Suckers: How alternative medicine makes fools of us all
- Author: Rose Shapiro
- Language: English
- Subject: Alternative medicine
- Publisher: Harvill Secker
- Publication date: 2008
- Publication place: United Kingdom
- Pages: 304
- ISBN: 0-09-952286-1
- OCLC: 190777228

= Suckers (book) =

2008 book by Rose Shapiro

Suckers: How Alternative Medicine Makes Fools of Us All is a book about alternative medicine written by author and health journalist Rose Shapiro. It was published by Harvill Secker in 2008. It covers very similar ground to Simon Singh and Edzard Ernst's book Trick or Treatment?, but is written in a more journalistic and polemical style. It provides substantial detail regarding alternative treatments offered to cancer patients.

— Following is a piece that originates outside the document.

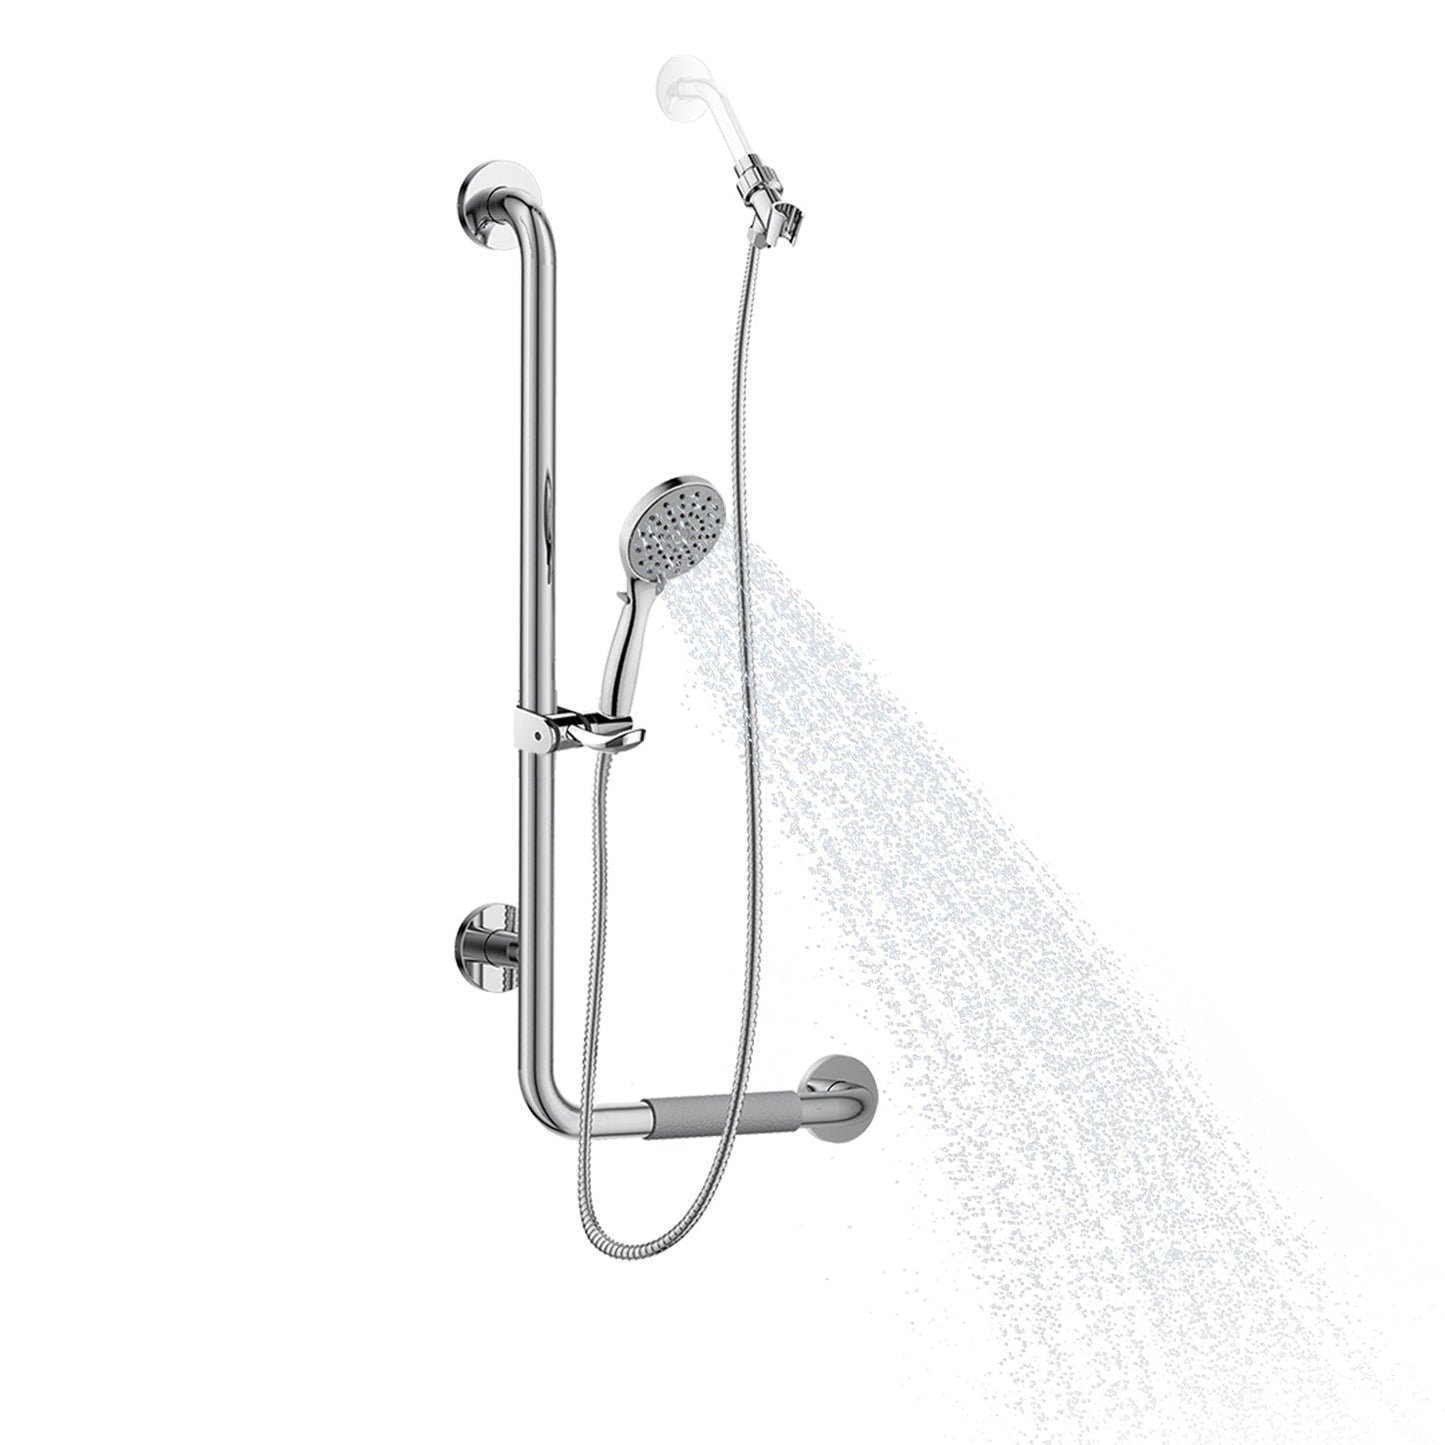 PULSE ShowerSpas Ergo Slide Bar and Grab Bar Left Installation in Polished Stainless Steel Finish With Multi Function Hand Shower

In the book, Shapiro stressed that homeopathy was not evidence-based medicine and said it should be removed from the National Health Service. Shapiro said that alternative medicine should be under “the same strictures as the pharmaceutical industry” and not be permitted to refer to treatments as 'food supplements'. She advised better enforcement of the Cancer Act, to protect patients from unscrupulous providers, and said the government should stop subsidizing universities that cover alternative medicine in their curriculum.

==Reception==
Suckers was reviewed by several writers in 2008.

Writing for The Guardian in February, Steven Poole described Suckers as a "vigorous polemic" against alternative medicine with the key theme that its practices (such as homeopathy and ear candling) are "not just stupid but dangerous."

Damian Thompson reviewed Suckers for The Daily Telegraph and said that Shapiro “expertly describes the pathology of medical counter knowledge".

Natalie Haynes, writing in New Humanist, described the book as a "potted history of alternative medicine, as well as a thorough rebuttal of it, and her research is both fascinating and illuminating." Haynes said that Shapiro harbored the greatest anger for "snake-oil merchants who knowingly prey on the weak", in particular those with terminal cancer.

Boyd Tonkin, then the literary editor for The Independent, called the book a "ferocious assault" on proponents of alternative medicine that was a "bracing tonic" but he criticized the tone of the writing for its "sneery arrogance that (as with the Ayurvedic tradition) can only bother to caricature its few substantial foes."

In a joint review of Suckers and Trick or Treatment?, Olivia Laing said Suckers was a "troubling book" filled with horror stories of alternative practitioners where Shapiro "takes a delight in exposing alternative medicine's wackier tenets". Laing said the book's title "casts consumers as gullible and practitioners as vampiric in a way that many will find intensely irritating" while both books harbor "an acute awareness of the need for medicine to be evidence-based, a belief shared by the more sensible alternative practitioners."

Simon Singh, co-author of Trick or Treatment?, said that although he shared Shapiro's "general skepticism" and found the book an "interesting read" he noted two weaknesses. Singh said Shapiro takes a "very aggressive stance against alternative medicine" using a title that is designed to be hostile and second, that she "tends to focus on the truly wacky end of the alternative spectrum" and does not "devote enough space to more complex and subtle issues surrounding some of the more sensible forms of alternative medicine."